Low-quality reads (quality score <30) were deleted in the first place. Other reads were assigned to each offspring based on the duplex barcode sequence. Then these barcode sequences were trimmed, as well as the terminal 5-bp positions from each read. The reads obtained were called “clean reads”. All clean reads were clustered in accordance with sequence similarity detected by BLAT44. Sequences with over 95% identity were grouped in one SLAF locus. Cowpea is a diploid species, which means one locus may contain up to four SLAF tags, so groups containing more than four tags were considered as repetitive SLAFs and discarded. However, those with 2–4 tags were considered to be polymorphic SLAF markers. Subsequently, SNPs were detected from polymorphic SLAF markers using the software GATK45 and SAMtools46. These SNP markers were classified into four segregation patterns (hk × hk, lm × ll, nn × np and aa × bb). In the present study, the F2 population was obtained by selfing the F1 of a cross between two fully homozygous parents with a genotype of aa or bb. Therefore, only the SNPs with segregation patterns of aa × bb were employed for linkage map construction.

Map construction

Finally obtained high-quality SNP markers were used for map construction using HighMap software47. HighMap consists of four modules, including linkage grouping, marker ordering, error genotyping correction and map evaluation. Firstly, in grouping module, markers were clustered into linkage groups by the single-linkage clustering algorithm, using a pair-wise modified independence LOD score as distance metric. Then an iterative process of marker ordering was performed by utilizing a combination of enhanced Gibbs sampling, spatial sampling and simulated annealing algorithms. After that, the SMOOTH algorithm48 was used to fix genotyping errors according to the parental contribution of the genotypes. The missing genotypes were imputed by a k-nearest neighbor algorithm49 and map distances in centi Morgan (cM) were estimated using the Kosambi mapping function50. At last, haplotype map and heat map were constructed, which would provide an intuitive and convenient way to rate map quality, with perl script “draw_haplotype-map.pl” and “draw_heatmap.pl”, respectively. They are programmed by Beijing Biomarker Technologies Corporation, and can be download at http://highmap.biomarker.com.cn/. The detailed approaches were according to Liu et al.47.

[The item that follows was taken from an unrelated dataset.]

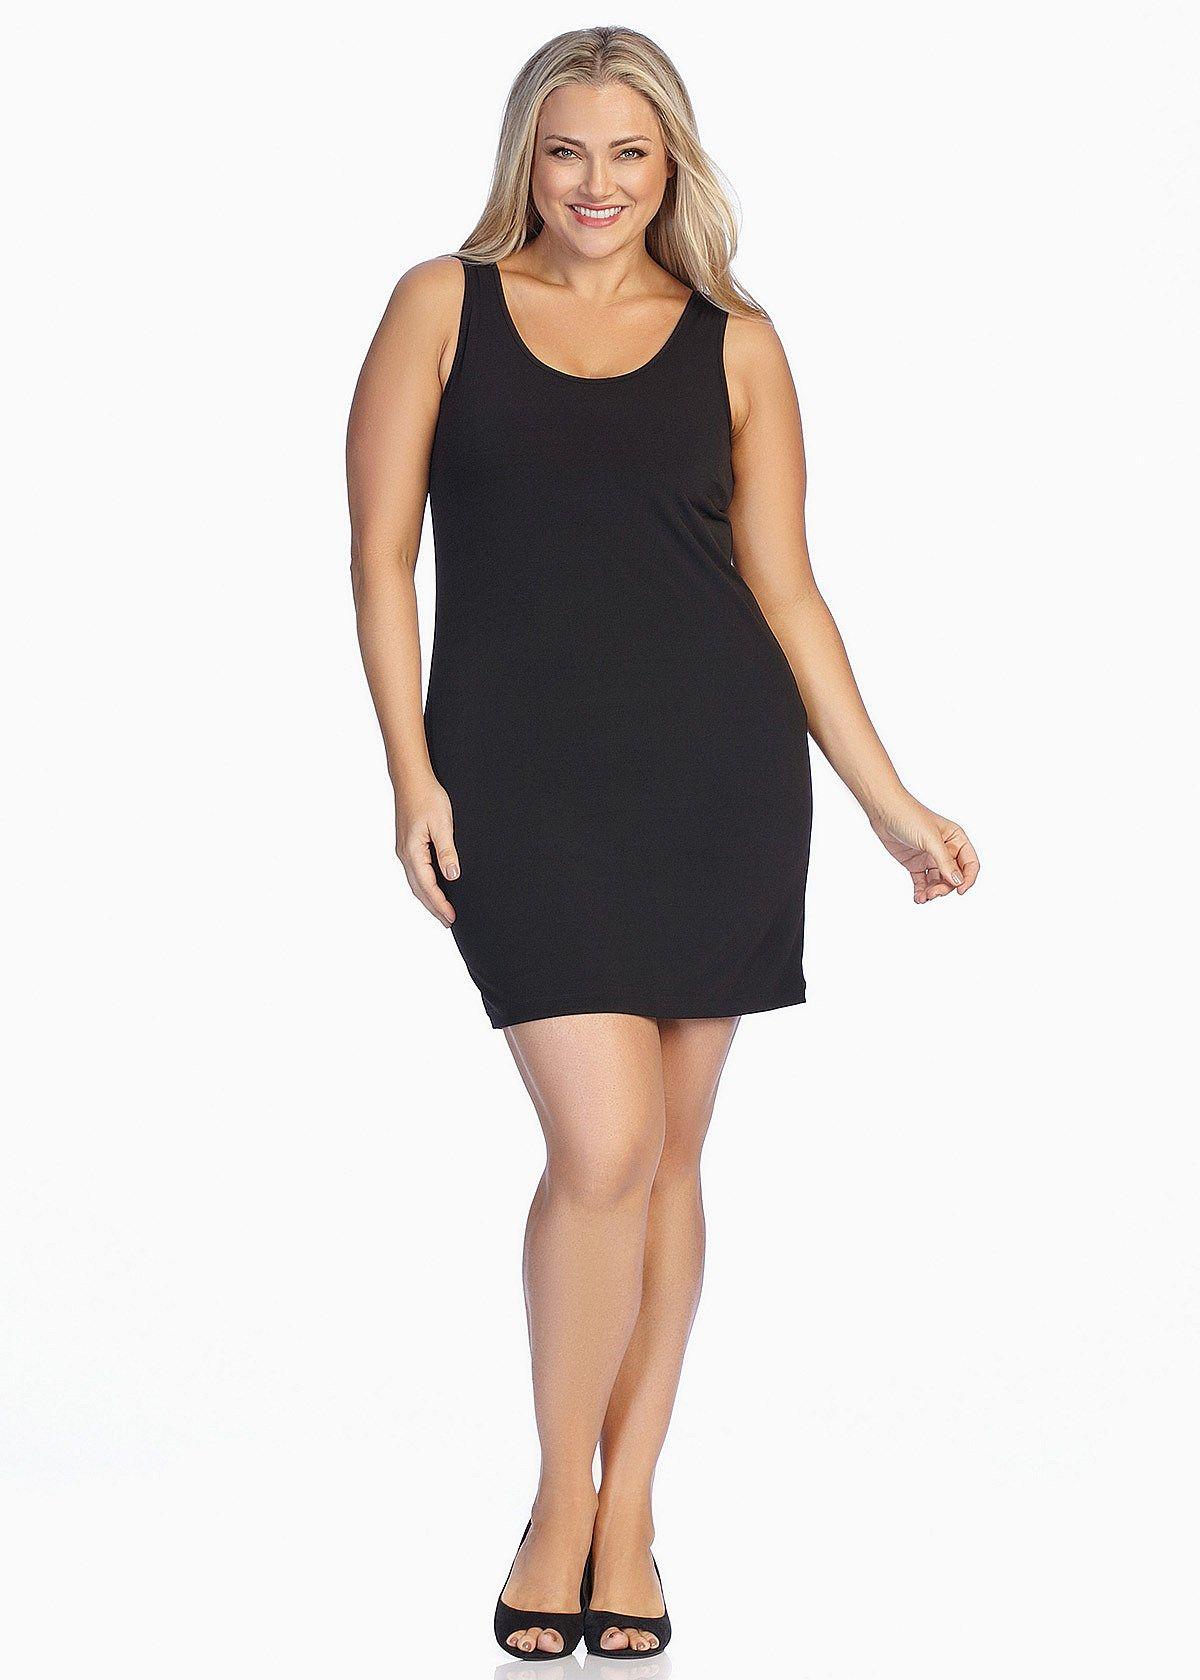 Plus Size Dresses Online In Australia Taking Shape Luna Base Slip Body Dres Plus Size Womens Clothing Plus Size Vintage Dresses Plus Size Fashion For Women [ 1680 x 1200 Pixel ]

Comparative genome analysis

The 785,712 SLAF markers generated from asparagus bean were aligned to the genome sequences of soybean (Glycine max), common bean (Phaseolus vulgaris), mung bean (Vigna radiata), and adzuki bean (Vigna angularis) using BLAST with e-value cutoff of ≤1e−5. Their GenBank assembly accessions were GCA_000004515.3, GCA_001517995.1, GCA_000741045.2, GCA_001723775.1, respectively.

Data Availability

The SLAF-seq sequencing data generated during the current study has been deposited into NCBI Sequence Reads Archive (SRA) database with accession number SRP102460. The other data are included in this published article (and its Supplementary Information files).